PROVIDED RECORDS:
::::::::

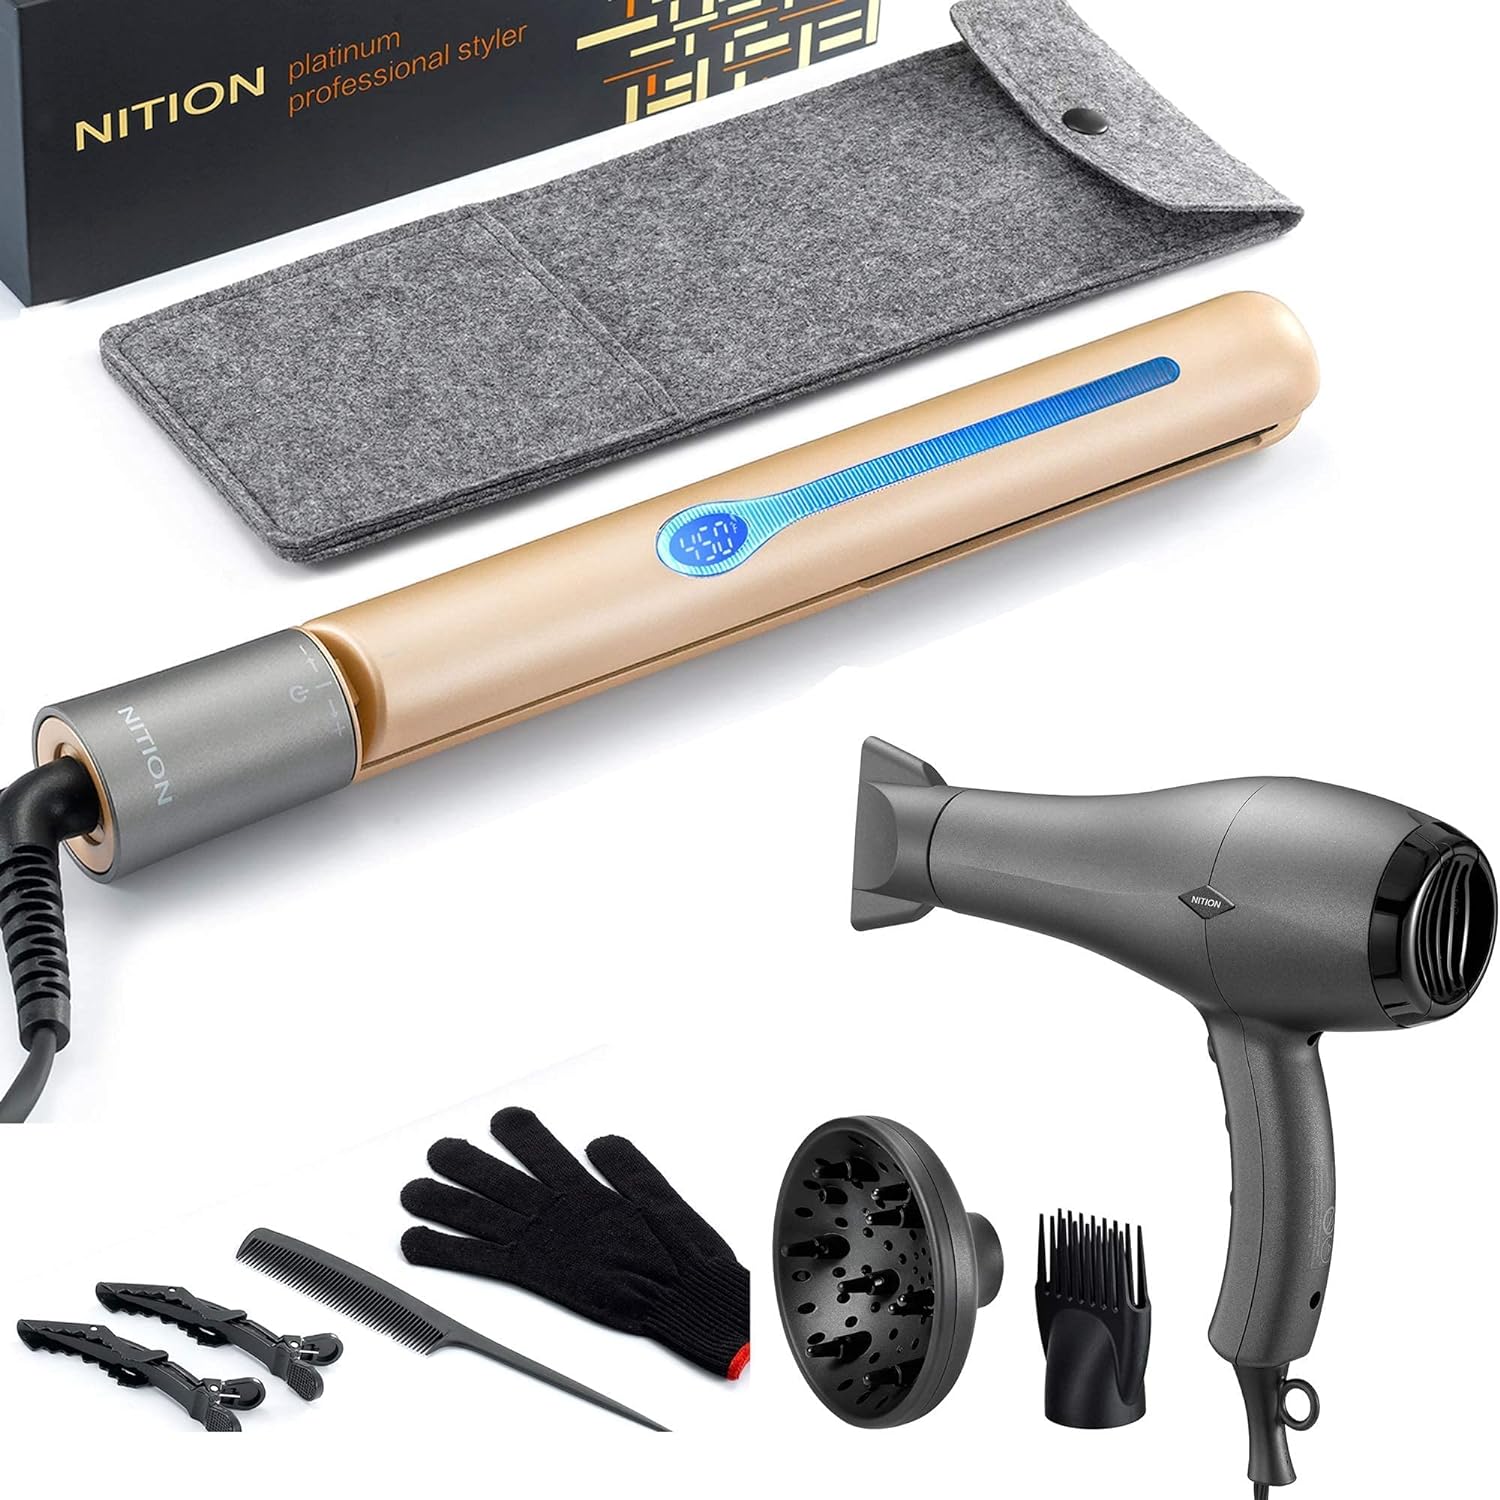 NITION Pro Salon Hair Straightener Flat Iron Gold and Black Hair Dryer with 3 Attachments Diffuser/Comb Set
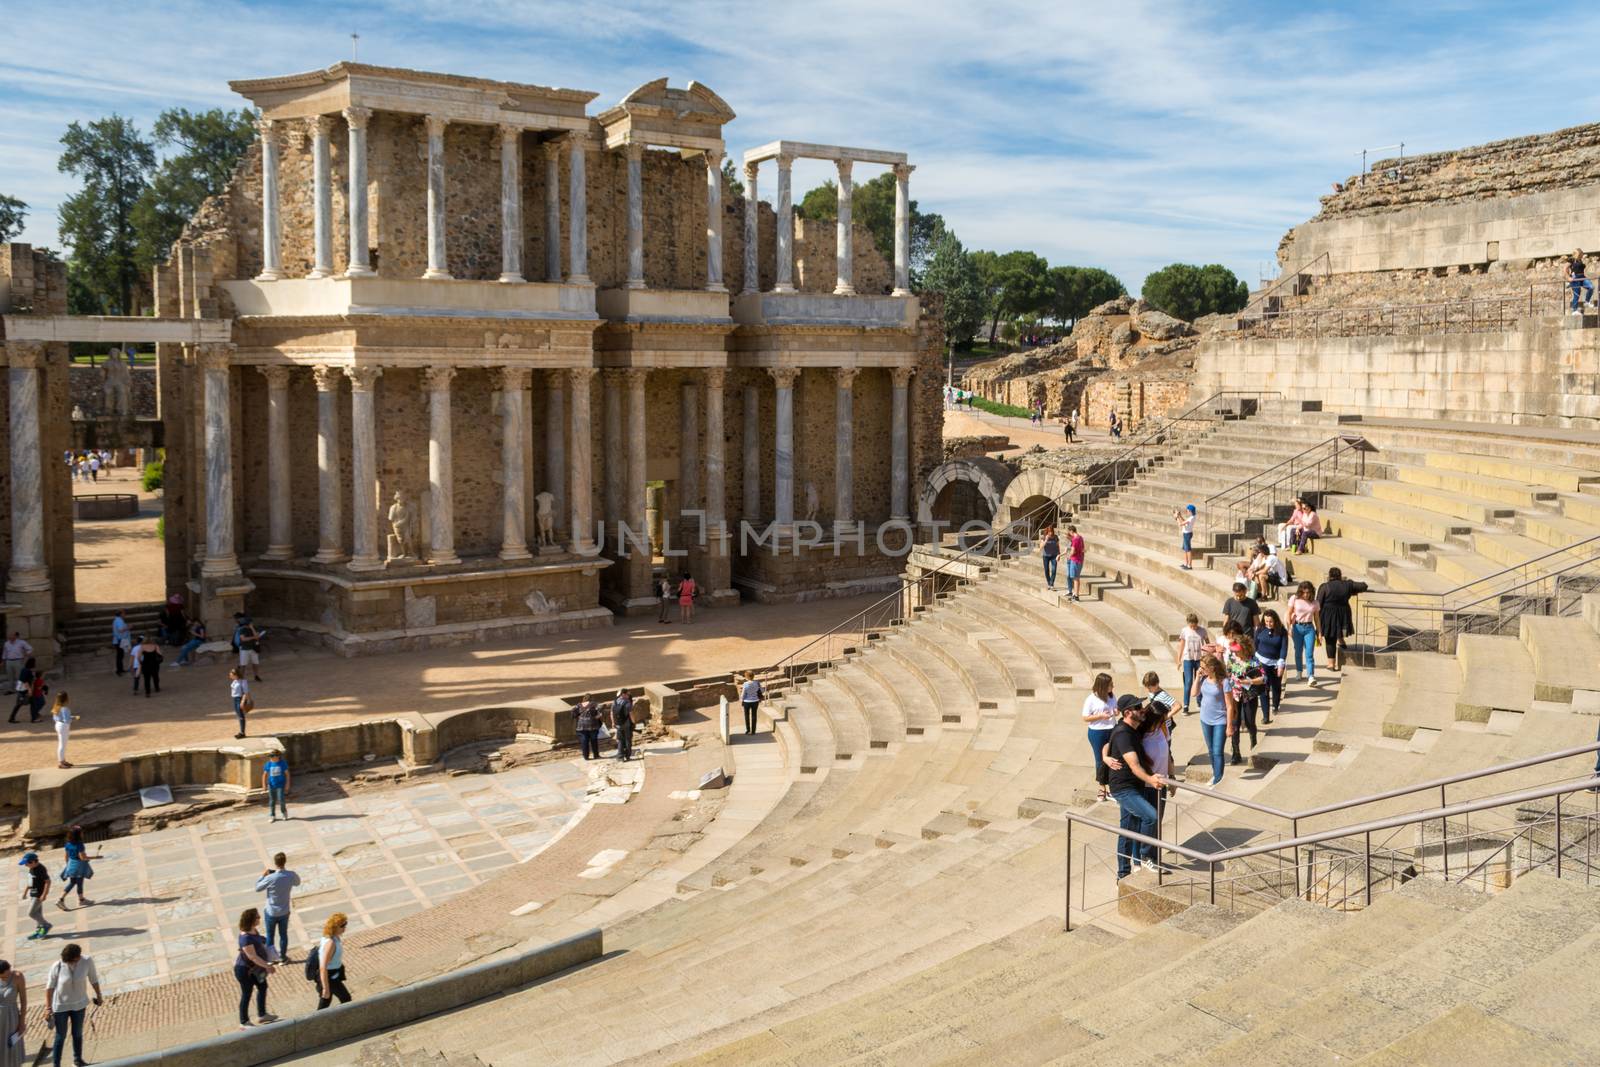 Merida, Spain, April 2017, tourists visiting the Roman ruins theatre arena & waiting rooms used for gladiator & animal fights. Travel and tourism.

::::::::

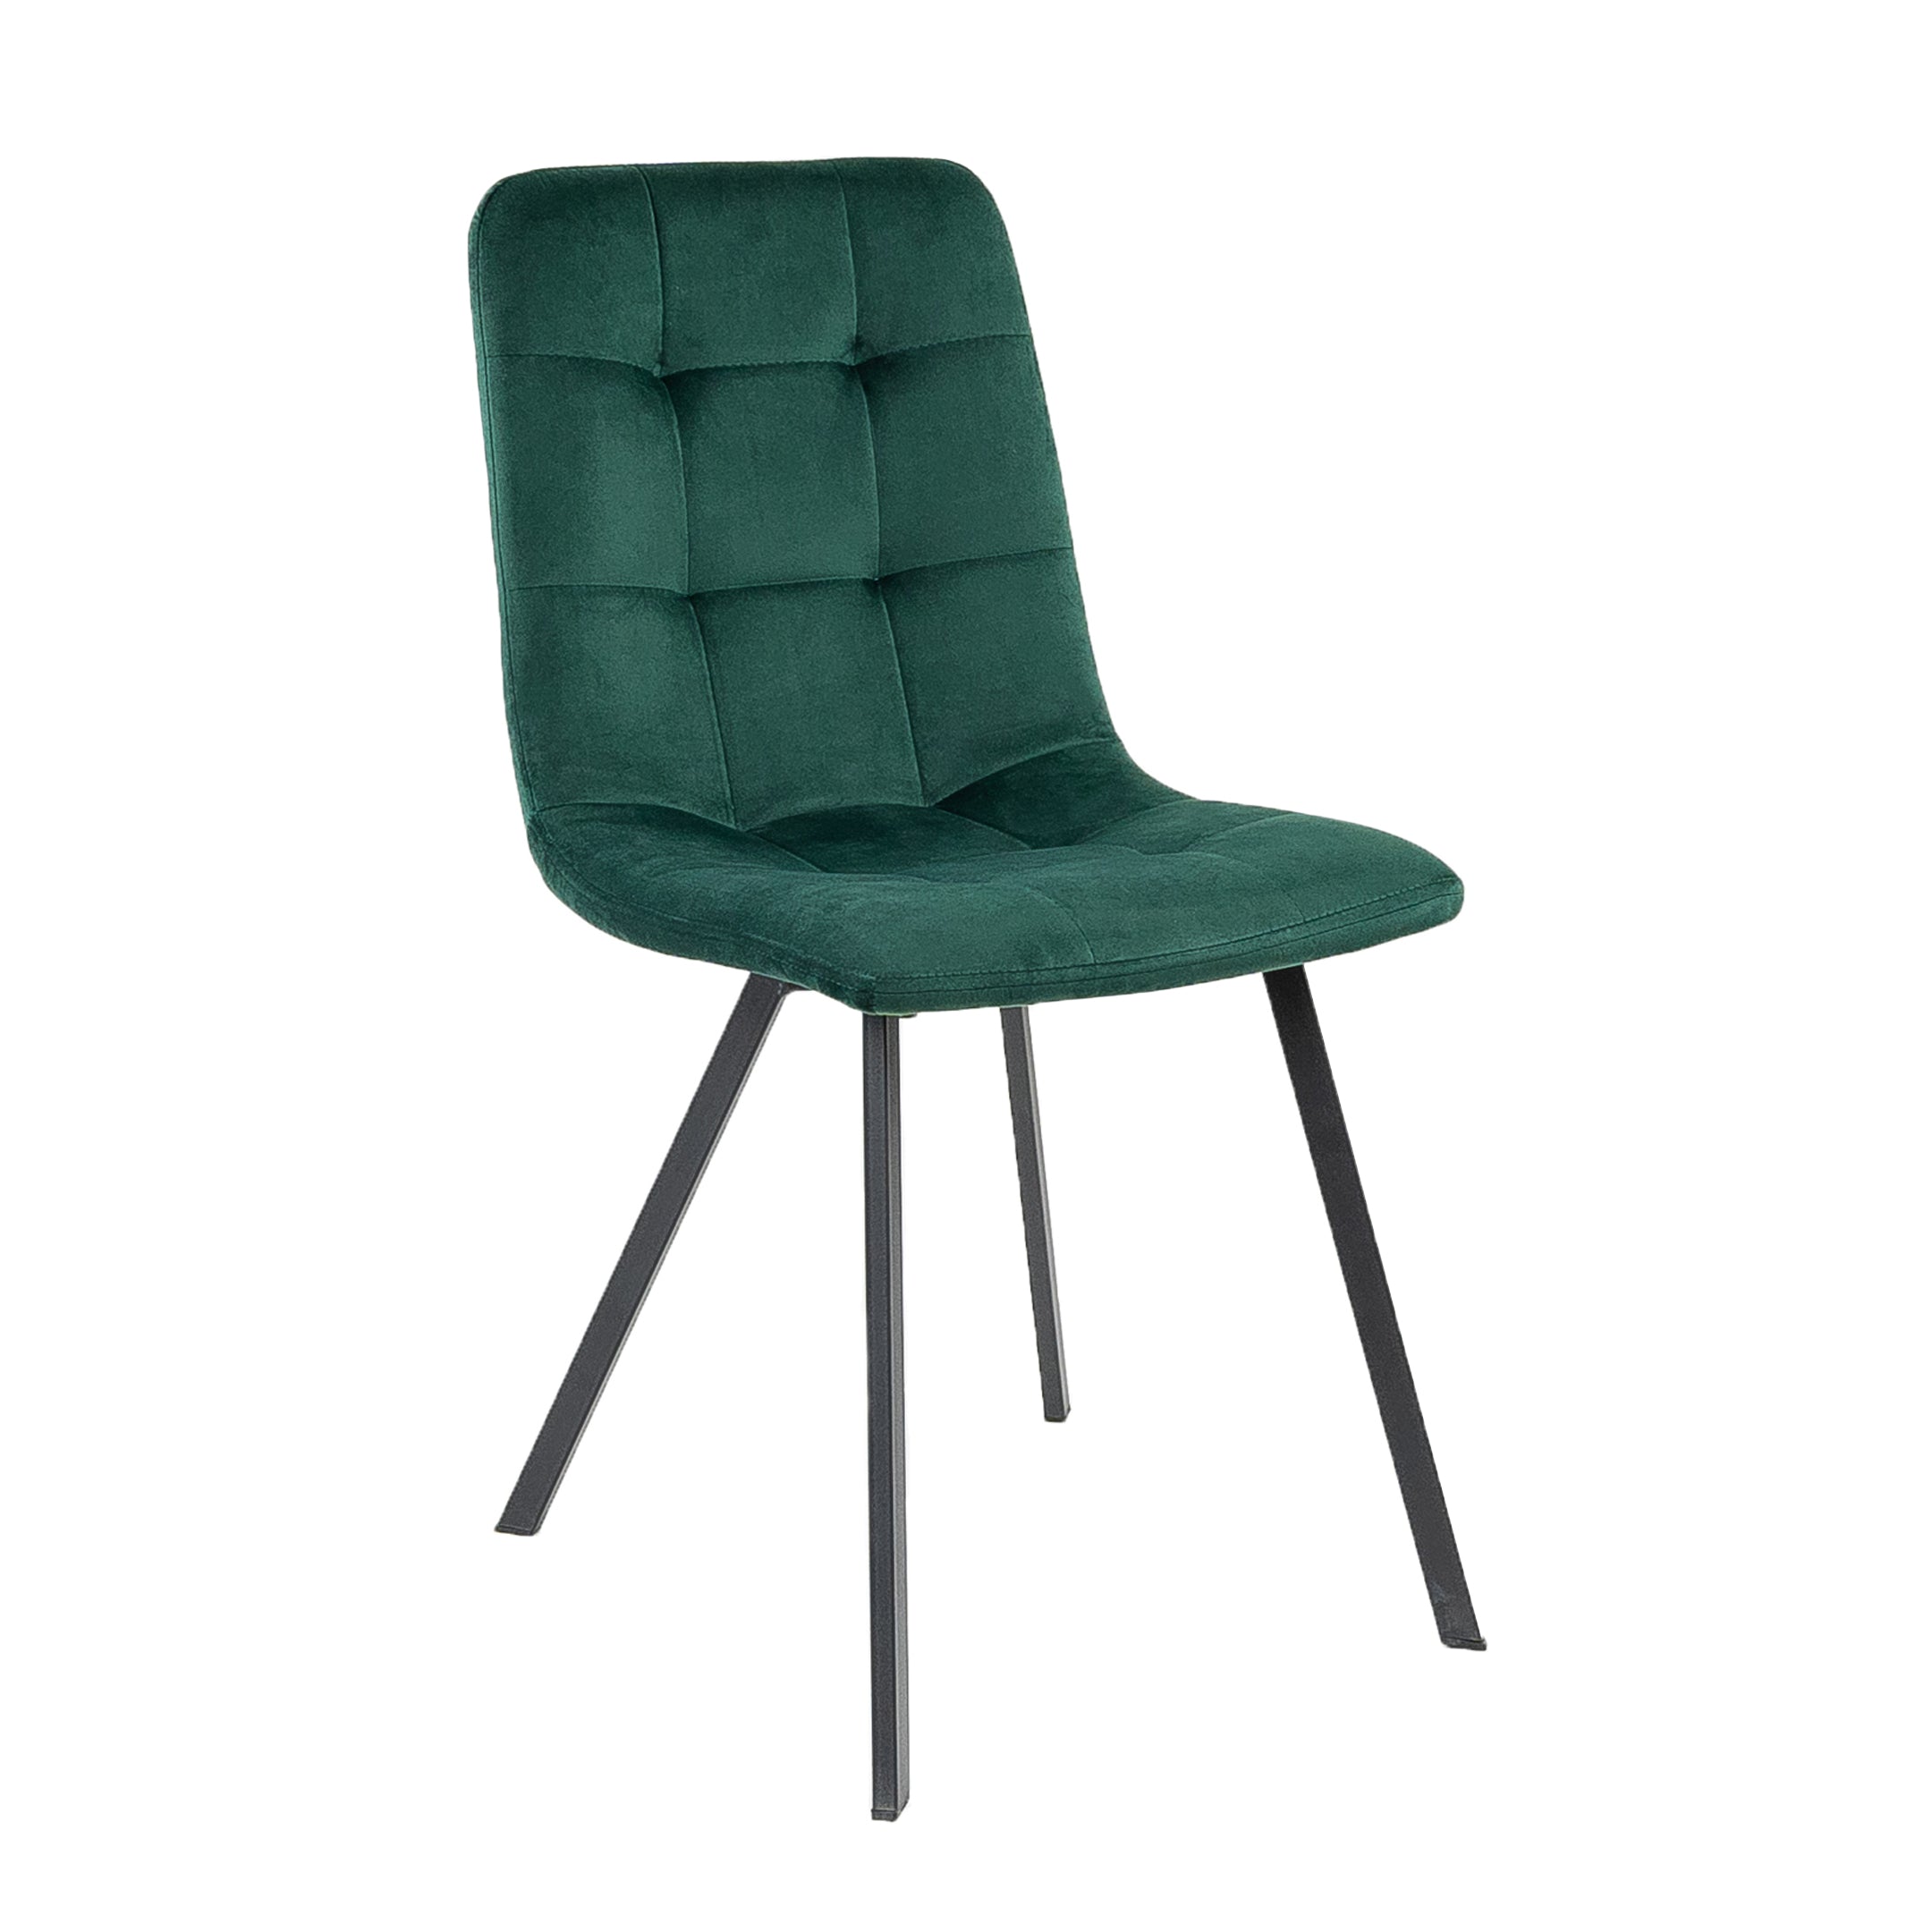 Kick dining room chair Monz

::::::::

DIRECTIONS FOR THIS TASK: Nothing but the lines above from the one that has "NITION Pro Salon" down to the one that has "Merida, Spain, April" belongs in the answer, copied exactly, without pictures.

EXERCISE OUTPUT:
 NITION Pro Salon Hair Straightener Flat Iron Gold and Black Hair Dryer with 3 Attachments Diffuser/Comb Set
 Merida, Spain, April 2017, tourists visiting the Roman ruins theatre arena & waiting rooms used for gladiator & animal fights. Travel and tourism.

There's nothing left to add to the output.